— Мадлен, — сказал барон, пристально, прищурясь, глядя на нее. — Становится жарко. Припекает. Не стесняйтесь. Разденьтесь. Тем более, что у наших друзей найдется для вас пара. Фюить! — присвистнул он.
Из кургузого авто, ютившегося в тени голого, еще безлистного платана, вывалилась девица. Копна смоляных волос. Черные глаза в пол-лица. Тонкие длинные руки, цепкие пальцы. Ее взгляд впился в лицо Мадлен. Девица завизжала от радости.
— Кази!
— Мадлен!
Женщины обнялись. Мужчины изумленно смотрели на их объятие.
— Они знакомы, граф?..
— О да. Они из одного гнезда.
Граф криво усмехнулся.
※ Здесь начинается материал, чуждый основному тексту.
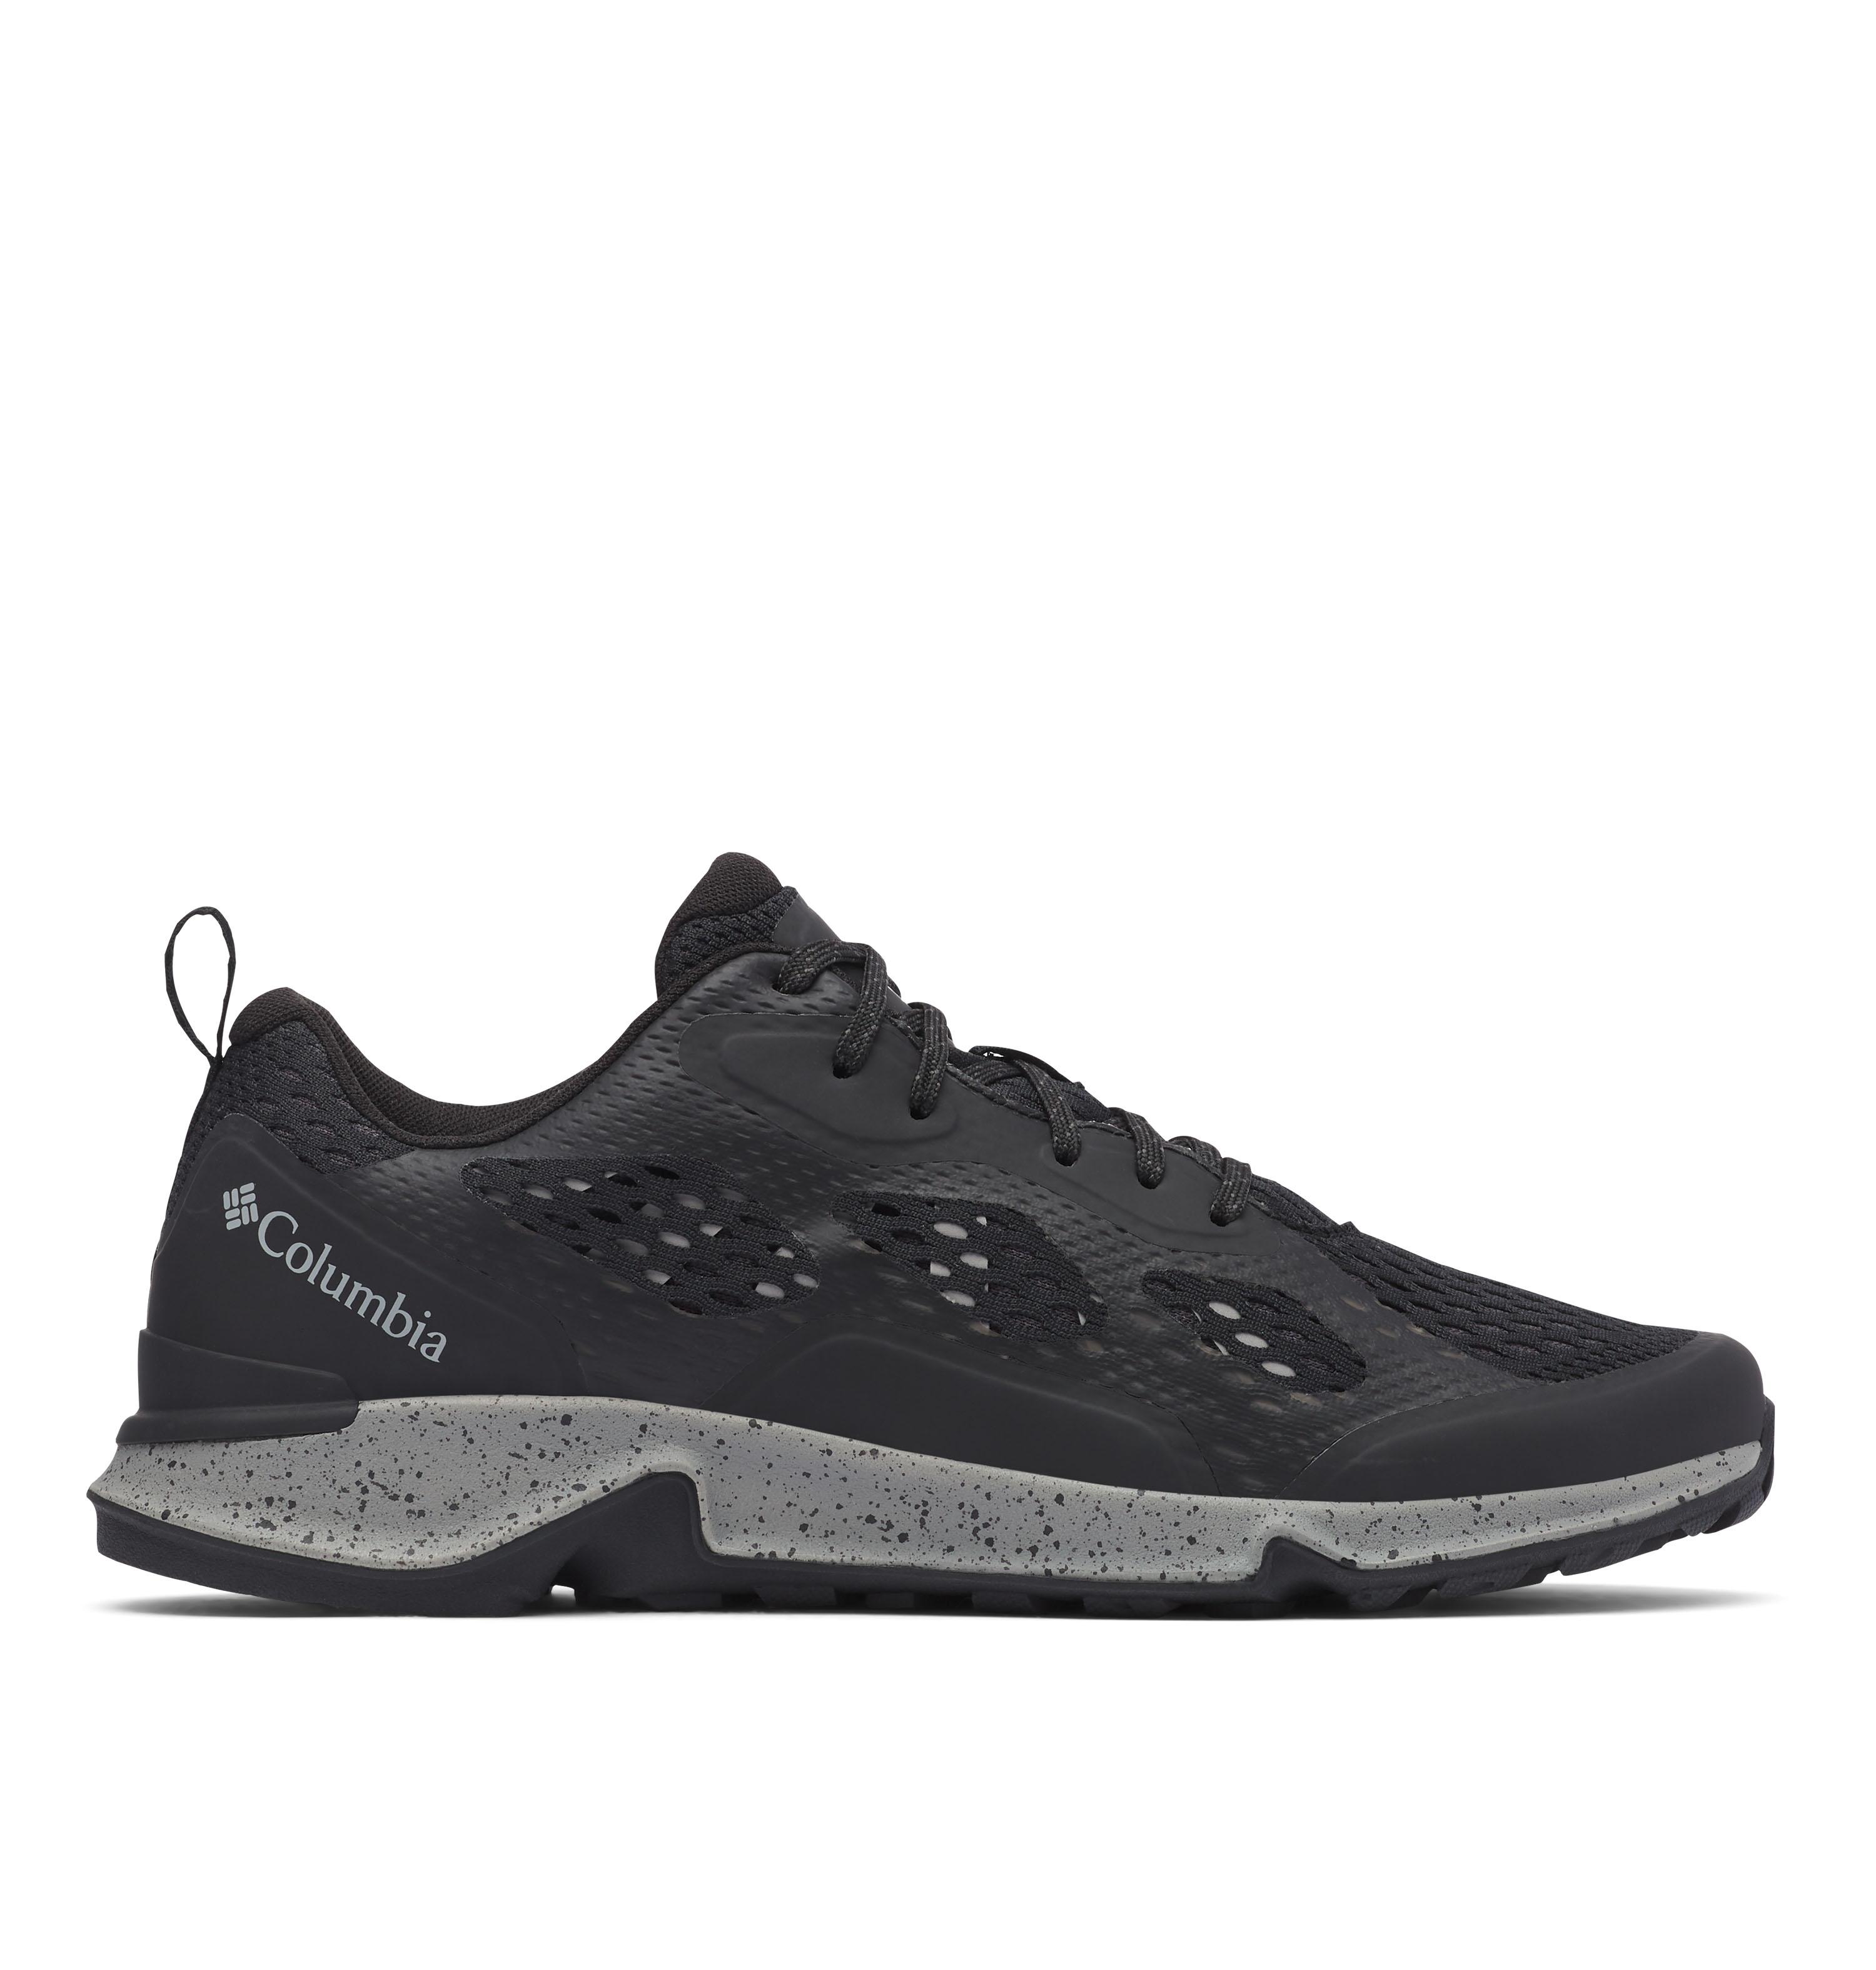 Comprar Columbia Vitesse preto / Omni-Grip sapatos /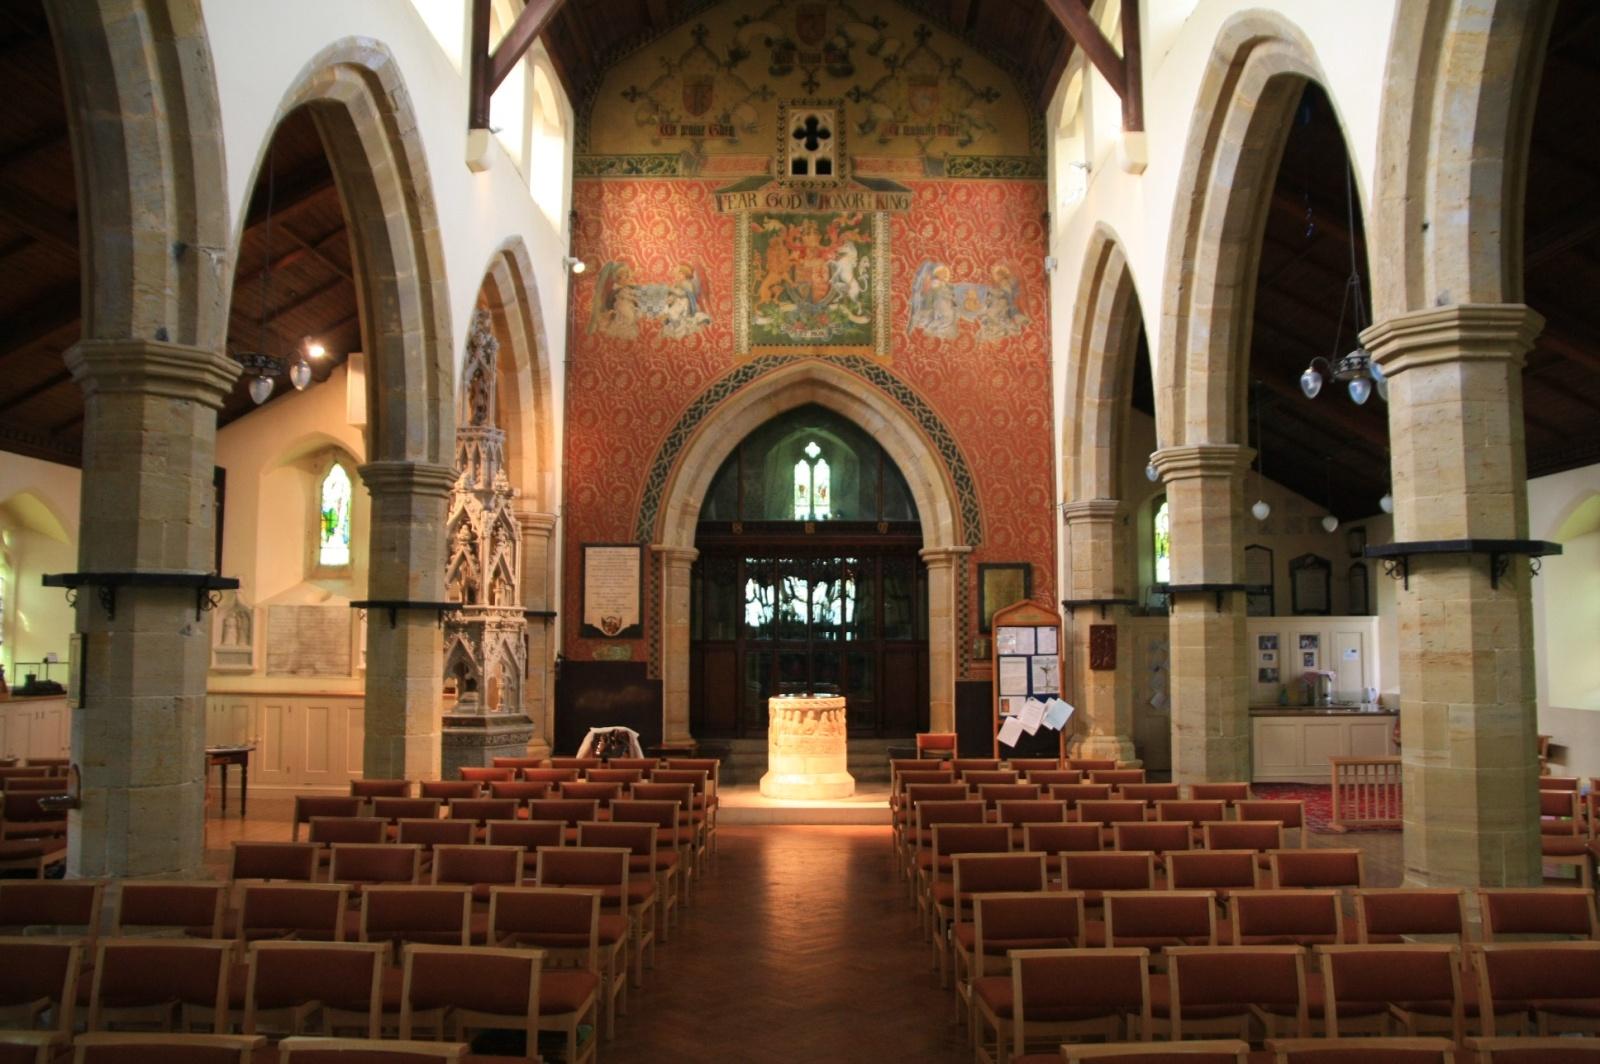 Interior of St. Nicholas'

Кази расстегнула платье, сбросила. Мадлен резво последовала ее примеру. Две хулиганки. Две нахалки. Красотки шлюхи, что с них взять. Ничего, кроме них самих. В слепящем свете Солнца их тела наливались розовой кровью. Она крупными розами, шевелящимися лепестками просвечивала сквозь тонкую кожу, играла на торчащих грудях, вокруг пупков, пряталась между ребер. Мадлен и Кази, обняв друг друга за плечи, улыбнулись аристократам Пари обвораживающими улыбками, сели на мягкую первую травку. Булонский лес шумел вокруг них. Ветер играл в голых ветвях. Ветер обнимал голые тела красавиц.
— Я взял с собой блокфлейту, — смущаясь, сказал герцог Орлеанский. — И, хоть играть я не умею…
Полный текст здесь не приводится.